Top of Data for analysis

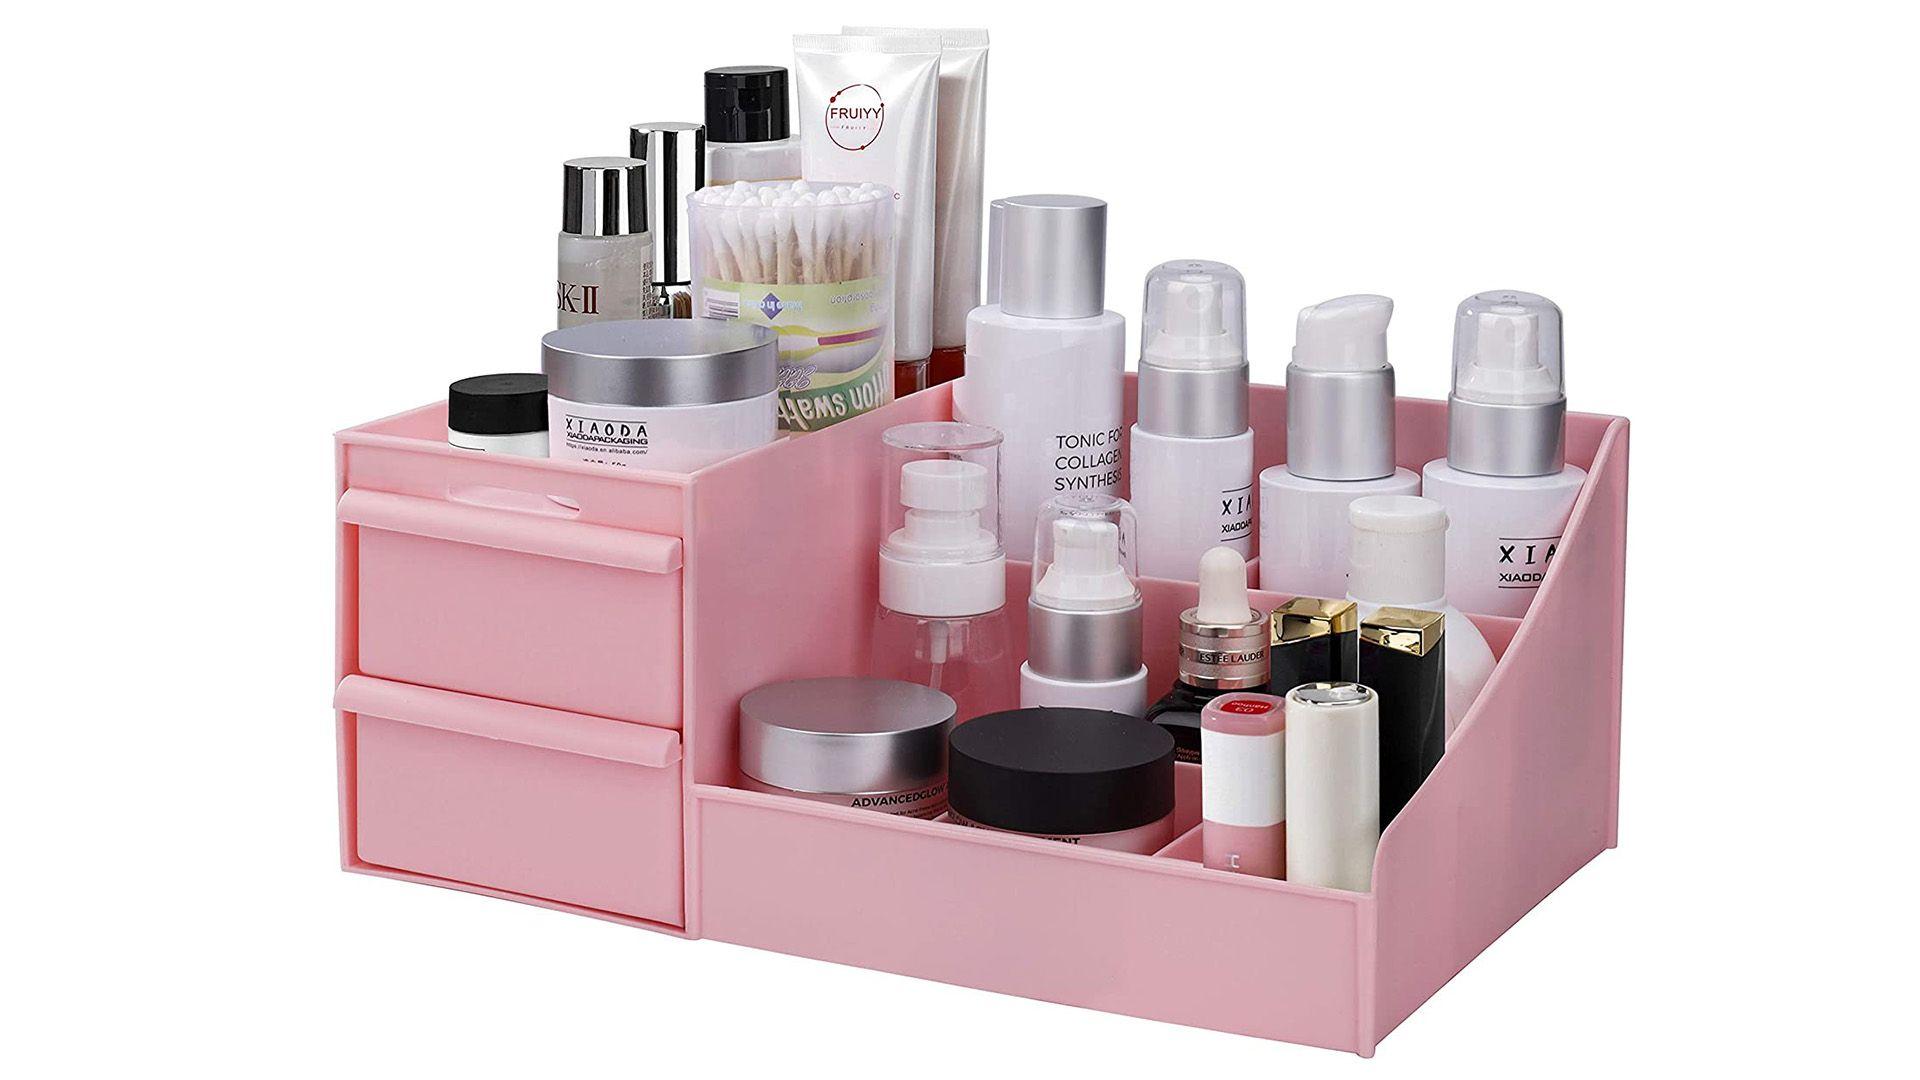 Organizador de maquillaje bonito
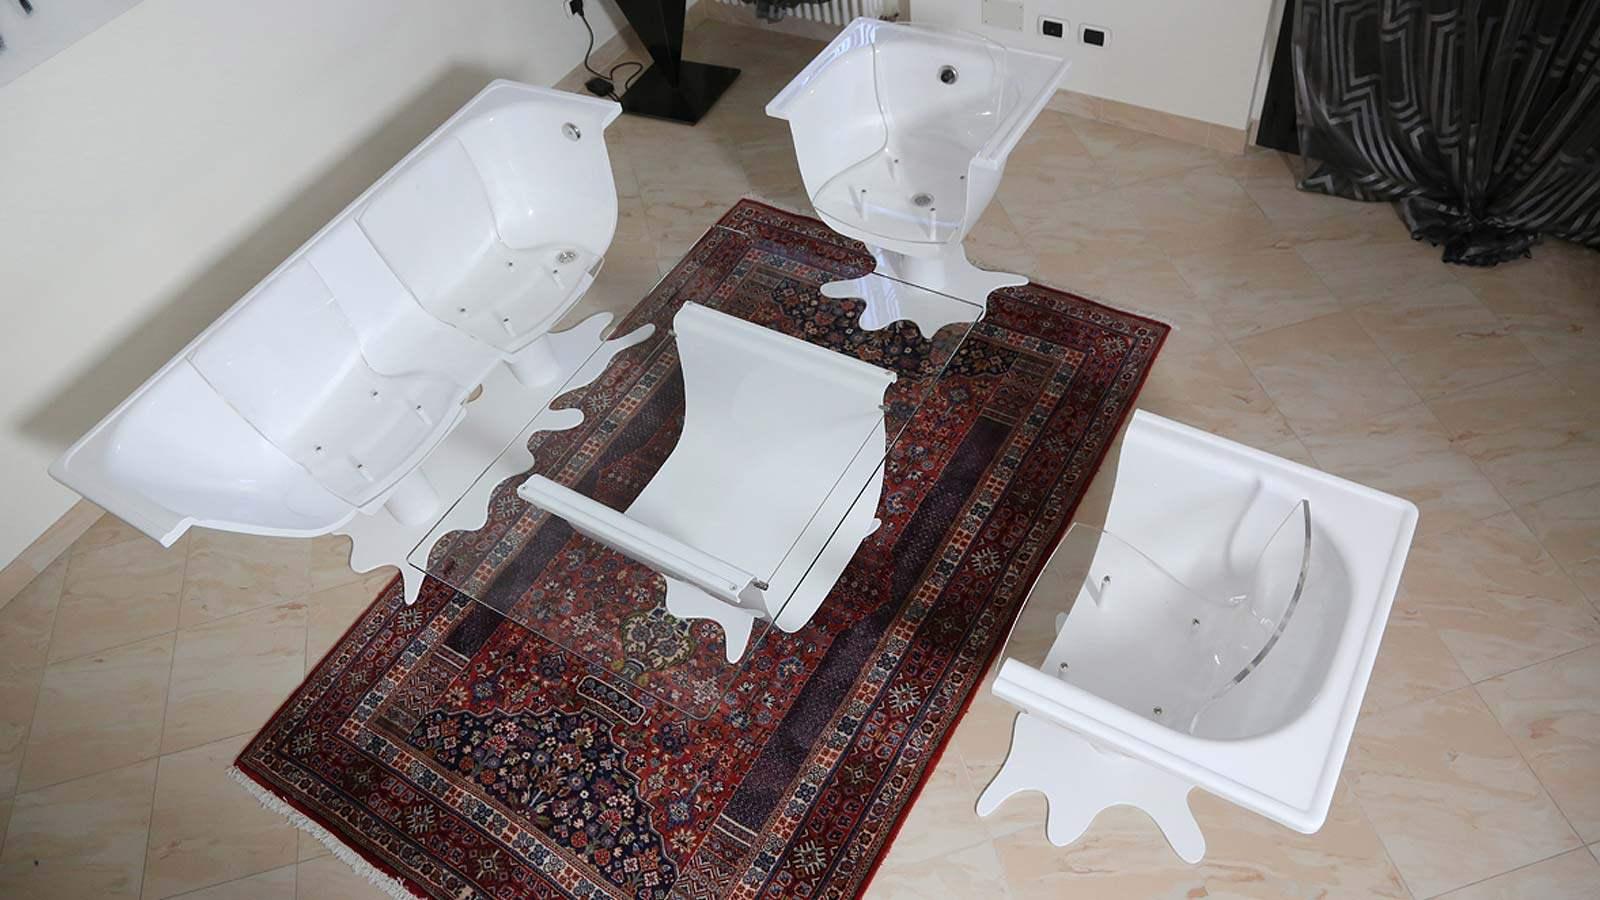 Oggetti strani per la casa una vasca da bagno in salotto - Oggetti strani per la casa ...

Bottom of Data for analysis
Top of Data for analysis

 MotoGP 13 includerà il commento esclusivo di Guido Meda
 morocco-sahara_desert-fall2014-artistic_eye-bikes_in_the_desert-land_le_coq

Bottom of Data for analysis

- **Assigned task**
Return only the part above that opens with the line containing "Organizador de maquillaje bonito" and closes with the line containing "Oggetti strani per la casa una", exactly and with both ends, skipping the pictures.

- **Solution to the problem**
 Organizador de maquillaje bonito
 Oggetti strani per la casa una vasca da bagno in salotto - Oggetti strani per la casa ...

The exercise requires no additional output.